I haven't really seen specific guidelines as to when and why should anyone start a new repo. Are there some? Or is "mono-repo" the best solution, and when and for whom. Surely we need more than one git-repo in the whole world?!
In fact, Mercurial uses the term “bookmark” for its lightweight, git-like branching. Mercurial’s branches have slightly different semantics and can’t be deleted like bookmarks or git branches
If you move the branch to point somewhere else, then it's better/more accurately said that you changed the name to refer to a different branch. We can think of branches as the chains of commits; it's the names we give them that 'wander' both as we commit and if we move them to a different branch. But merging (as it were!) the concepts of branches and names for their tips is convenient, and often equivalent/inconsequential.
Branches are pointers to a commit and that pointer is refreshed when a new commit is created. One could say they are a wandering tag (without explaining a tag for now).
The actual chain of commits that represent what we see as branch comes from the commits themselves.

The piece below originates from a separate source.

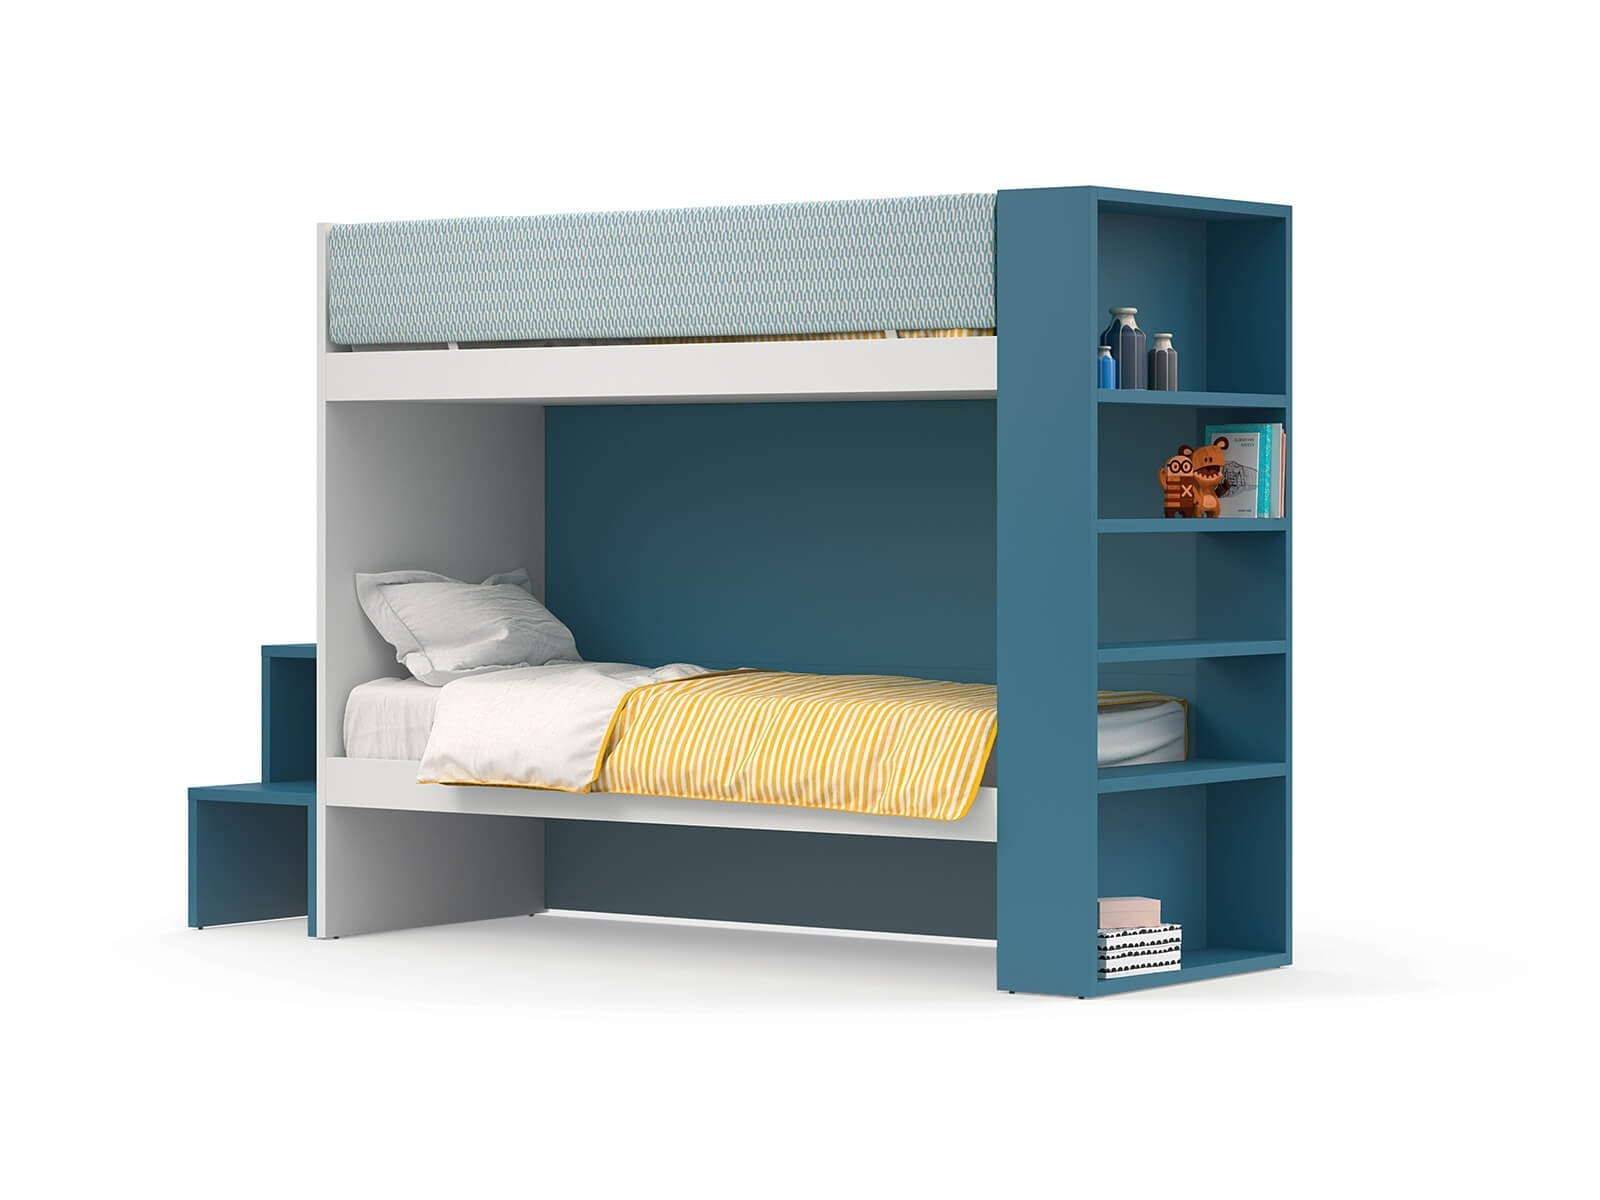 Nuk bunk bed

Those commits point back to their parent commit.
And then one can see why no branch has any special meaning: It is a chain of related commits with a named entrypoint. Once you delete a branch (i.e. the named wandering pointer to a commit), you cannot identify a branch as such anymore. It is just a chain of related commits without a named label now. And nothing besides the name distinguished the branch from other commit chains before.
The master/dev/release branches are then a convention to keep an updated commit pointer on the chain of commits containing changes of interest.